Everything is apparently as it should be, but maybe something
strange has gone wrong behind the scenes.
Does anybody recognise these symptoms? I realise the information
I've given is necessarily vague, but I'd be grateful to hear from
anybody who's had similar problems. The loss of data is obviously
very worrying and I'd like to know for sure that that won't happen
again. I'm inclined to trash the entire project and start from
scratch, but that's going to be quite a task! Can anyone recommend
any less drastic measures that may help?
The most common cause of this is as follows:
1) Add a header to your project.
2) intentionally or accidentally add it to a target. This puts it
into a Copy Files build phase to be "published" when you build.
3) Build that target. You now have a copy of the header in a common
location.
4) In another target, use a source file that includes the header
from the first target.
5) Build the second target. It will use the published copy of the
header, not the original.
6) from the source file, use certain navigation techniques to go to
the header.
You're now in an ambiguous situation. The compiler and indexer for
the second target has no idea that the header actually used in the
build isn't the original. (Some parts can, others can't) So
sometimes you end up editing the copy, not the original -- and of
course the copy is blown away the next time you build the first
target.
Whenever possible, don't add headers to a target. Only do that when
building a framework or shsrtd library for distribution. And when
you do, always switch back to the franework target to edit its
public headers.
Actually, despite my earlier reply it seems that the problem is
persisting, and I don't think this is what's happening in my case.
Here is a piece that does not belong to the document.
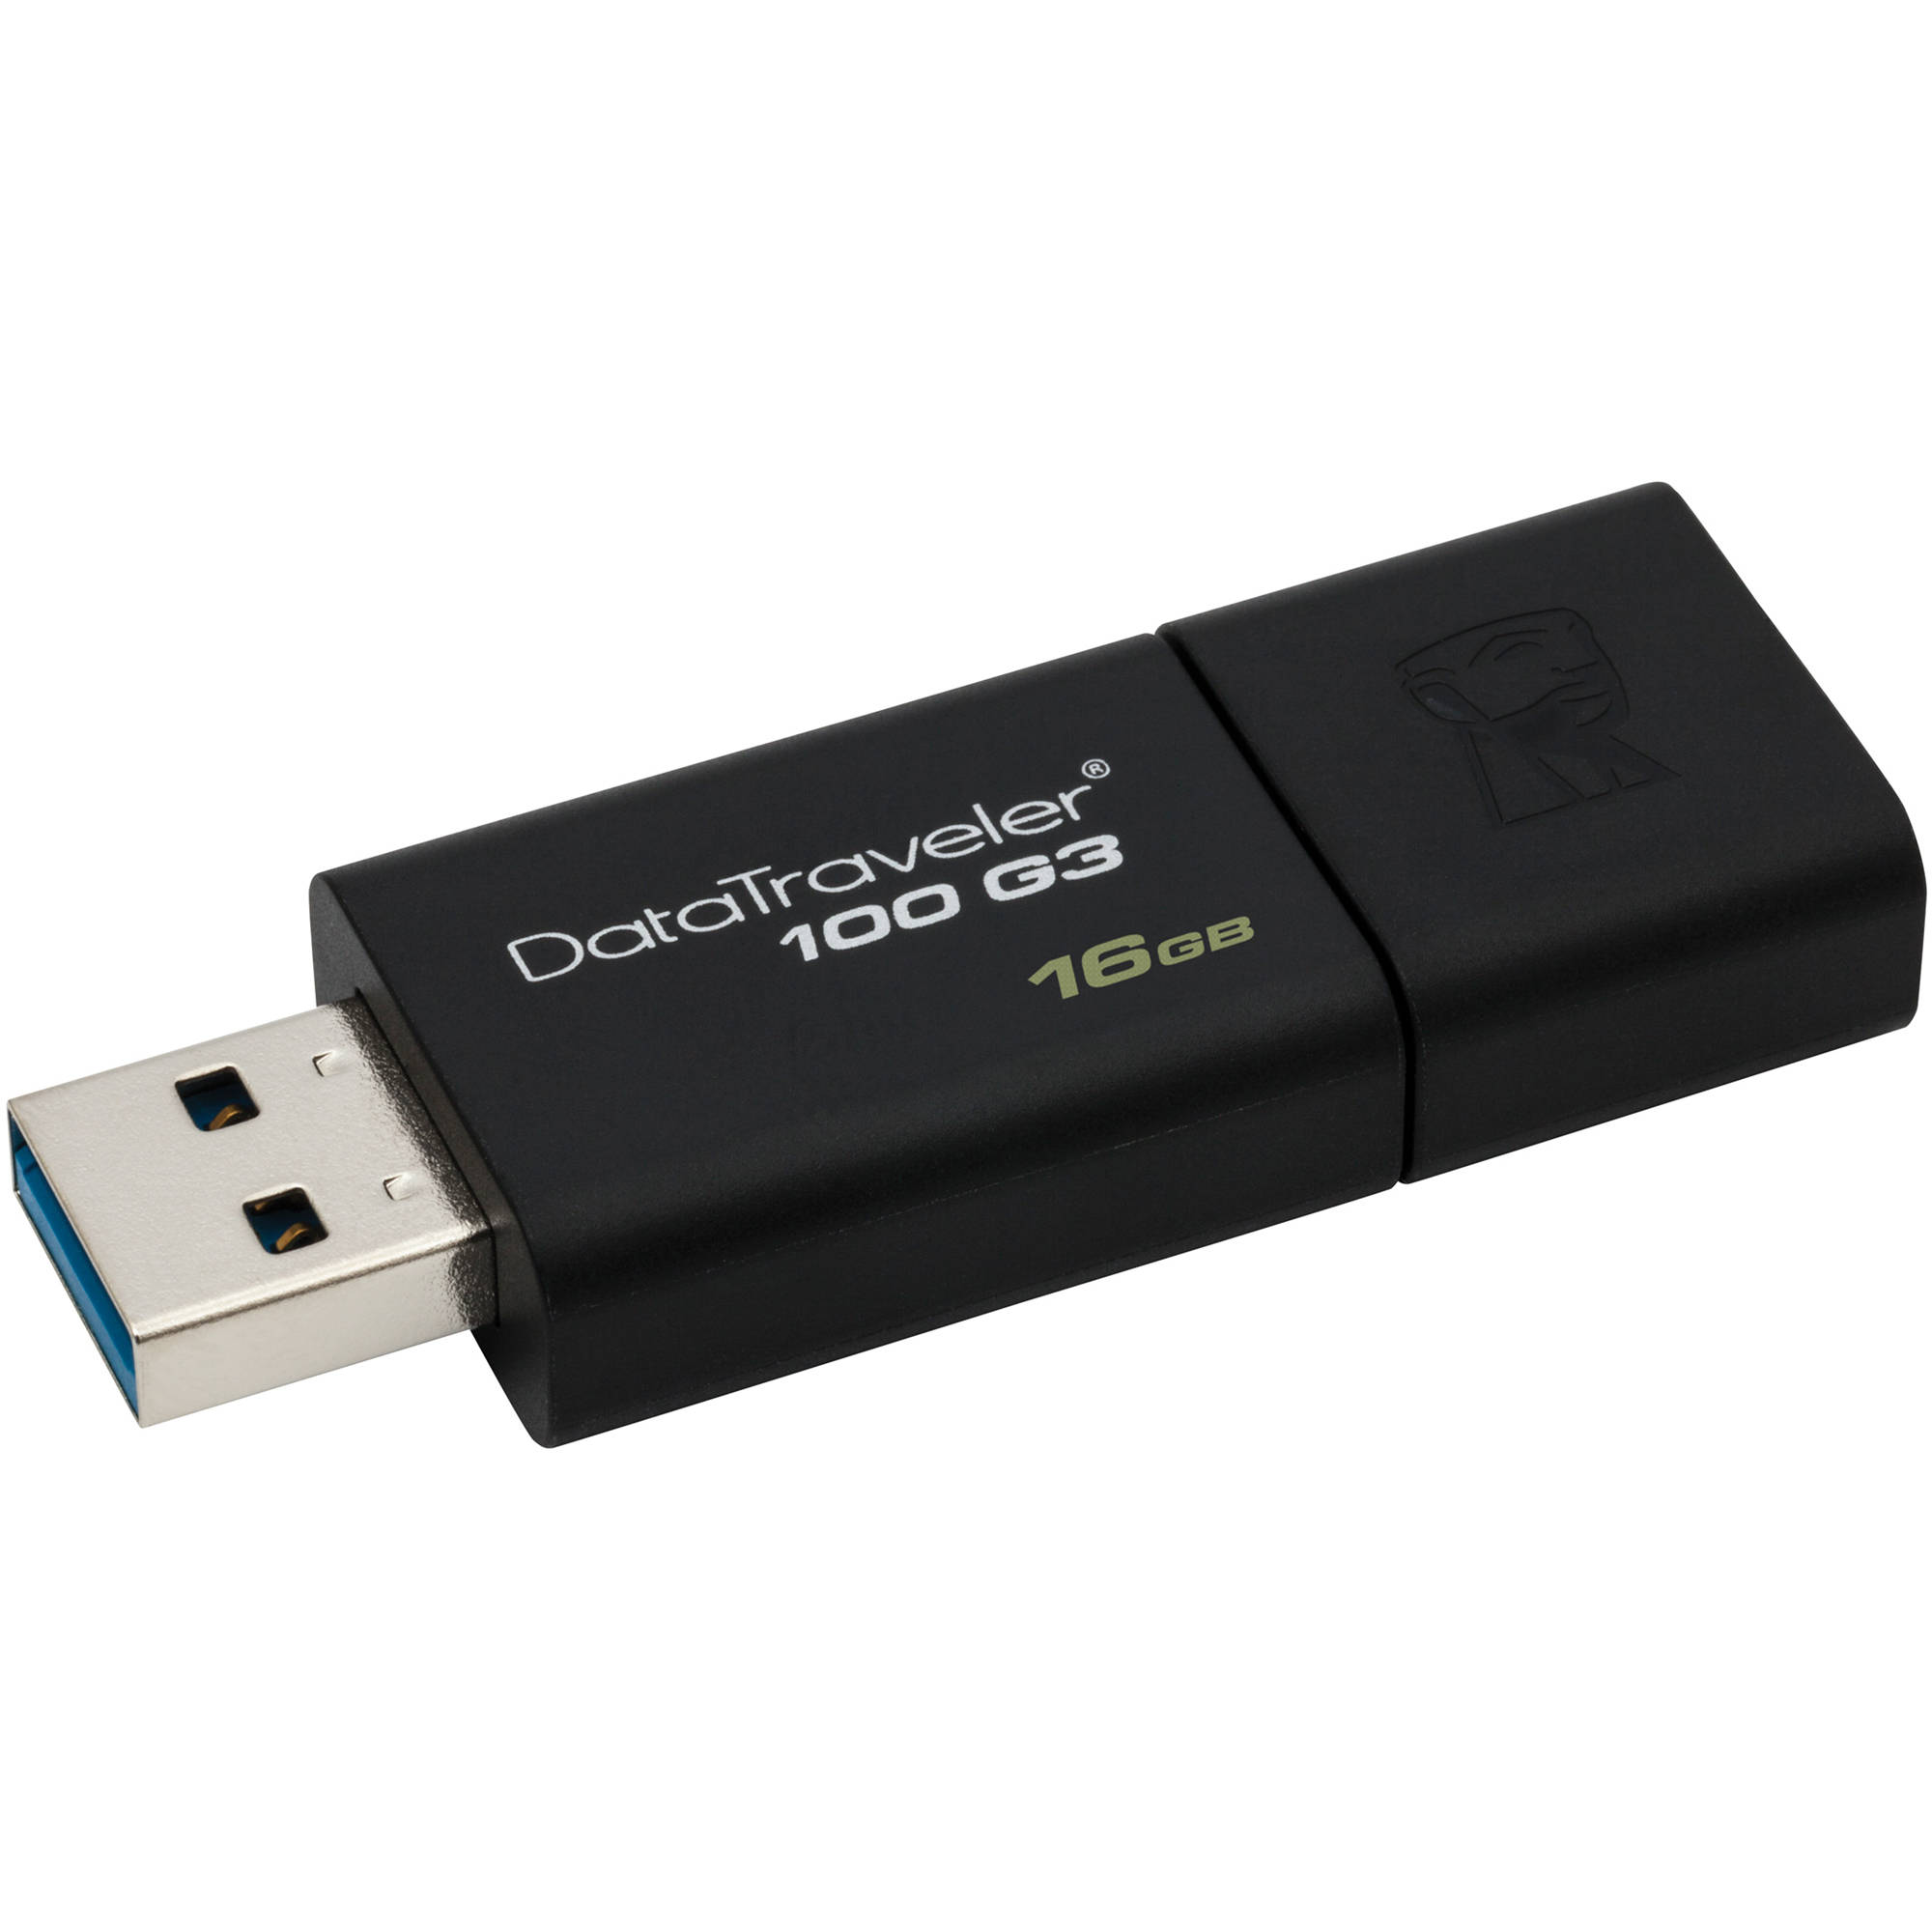 Kingston 16GB Data Traveler 100 G3 USB 3.1 Gen 1 DT100G3/16GB

There's one particular file which is having problems. There is only
one file with that name anywhere on this machine, and Xcode is the
only program that I ever open it with. Nevertheless, I intermittently
get messages that "another program" has modified the file, and do I
want to overwrite it or not. It seems that Xcode is somehow getting
out of sync between (I think) the file open in a dedicated window and
the same file as viewed in the build results window. Do you have any
further thoughts as to how I might be able to make this issue go away?